Open enrollment is an opportunity for employers to educate their workforce about attractive benefits offerings that can help boost employee retention, satisfaction and engagement. However, with four or five generations in the workforce, finding a benefits plan that satisfies everyone can be challenging. A 2022 report by analytics and advisory company Gallup found that employees are postponing retirement, with over two-thirds (76%) of U.S. adults aged 65 to 69 still working. Additionally, Generation Z accounts for a growing percentage of the workforce. These generations and those in between have vastly different needs. This article provides guidance for how employers can balance the needs of an age-diverse workforce when developing competitive benefits offerings.
How Age Impacts Desired Benefits
Generations aren’t homogenous, and there may be variations between individual employee needs and desires within a generation. However, age often impacts the benefits that employees most desire. Here’s a traditional breakdown of the preferred benefits for each generation:
- The Silent Generation (1928-1945) generally wants traditional core benefits, retirement benefits and formal employee recognition programs.
- Baby boomers (1946-1964) typically value caregiving benefits, workplace flexibility, comprehensive health care plans, retirement benefits and ongoing training opportunities.
- Generation X (1965-1980) often wants remote work opportunities, flexible scheduling and caregiving benefits.
- Millennials (1981-1996) generally prioritize flexible scheduling, remote work opportunities, student loan repayment programs and ongoing training opportunities.
- Generation Z (1997-2012) typically wants flexible scheduling, remote work opportunities and comprehensive employee assistance program benefits.
Navigating Differences in Desired Benefits in Preparation for Open Enrollment
Creating a benefits plan that satisfies every generation in the workforce may seem daunting. However, employers should remember that they don’t have to meet the exact desires of every generation. Rather, a successful multigenerational benefits plan will contain something of value for everyone. Therefore, choosing benefits for a multigenerational plan may be similar to what employers are already doing. The following steps can help employers create benefits plans that meet their budget and their employees’ needs:
- Determine the primary goal (e.g., reducing costs or improving employee attraction and retention).
- Survey employees about their benefits preferences.
- Decide on a budget.
- Select benefits that align budget requirements with employee desires.
- Communicate the offerings.
Considerations for Educating a Multigenerational Workforce About Open Enrollment
Employers should remember that there are understandable differences in the way different generations view open enrollment. Older generations with more experience selecting benefits are often more confident and prepared to make educated benefits decisions than younger generations who are new to the workforce. Thus, employers should present information about open enrollment and benefits plans in a way that’s accessible to all generations. This may include the following:
- Create a multichannel approach. Unsurprisingly, different generations prefer to obtain information from varying sources. For example, baby boomers are generally more likely to want information via a pamphlet or brochure than younger generations. For this reason, open enrollment and benefits information should be provided to employees via numerous channels (e.g., emails, webinars, pamphlets and in-person conversations).

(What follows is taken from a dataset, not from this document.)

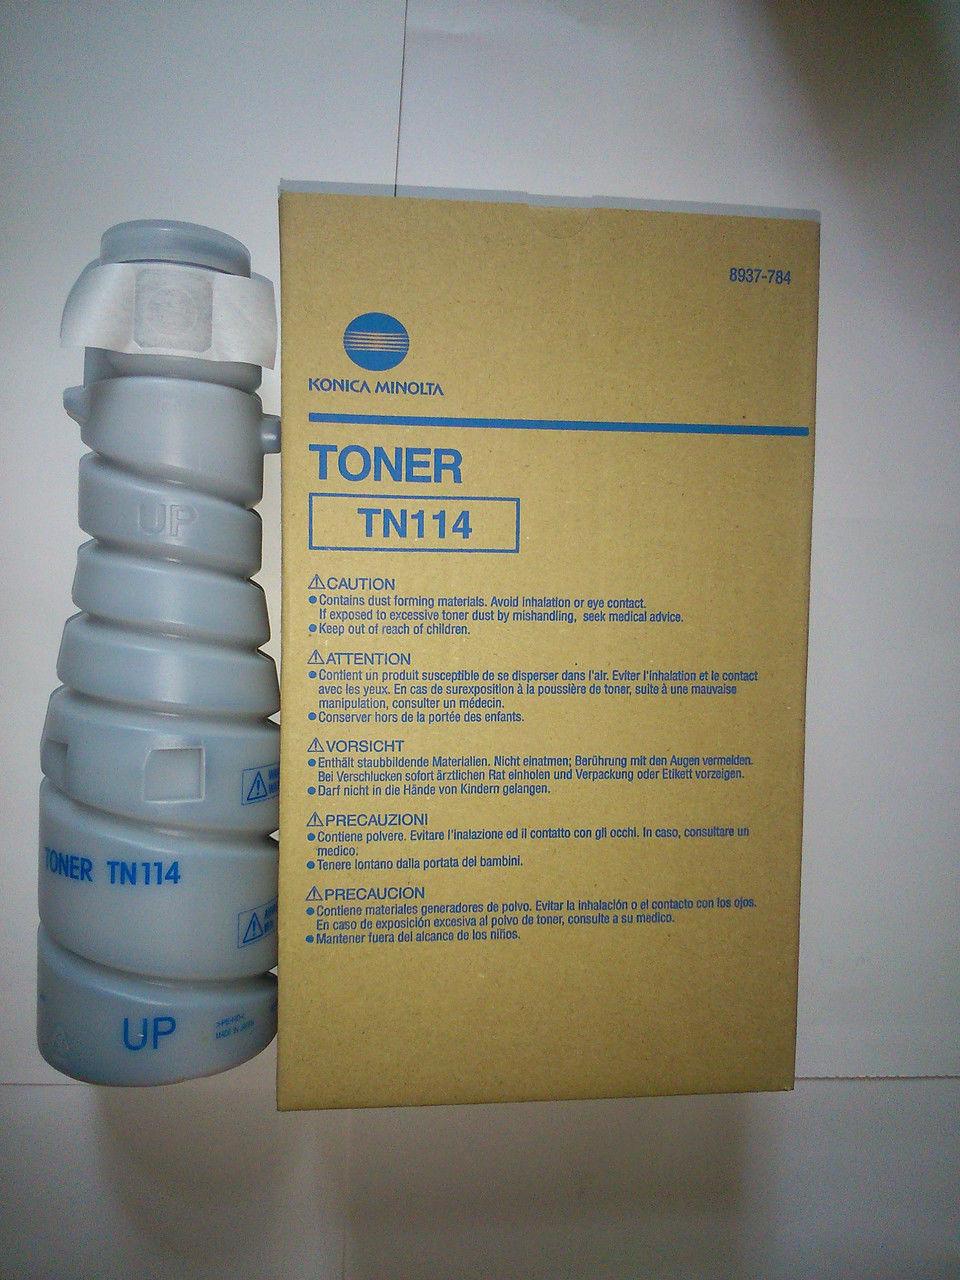 Тонер Konica-Minolta Di152/183/211/1611/2011/bizhub 162/163/210/211  тип 106B/TN-114 (о)  1 шт !! - картинка товара

- Find ways to connect virtually. These days, an organization’s workforce can be widely dispersed across geographic locations. Depending on an employee’s age, they may also be making benefits decisions with their parents, a partner or a spouse. Therefore, employers must find ways to connect with employees virtually about open enrollment. This may include creating videos, sending emails and providing access to interactive virtual tools.
- Target communications. A survey by software company Jellyvision found that 35% of employees only want to learn about benefits that impact them personally. This means that helping employees connect with the benefits they want and need may include targeting benefits communications to employees based on demographics and benefits preferences. For example, employers should consider providing Medicare information and guidance to older generations of workers. Meanwhile, younger generations of workers might prefer to be directed toward employee assistance programs and student loan repayment benefits.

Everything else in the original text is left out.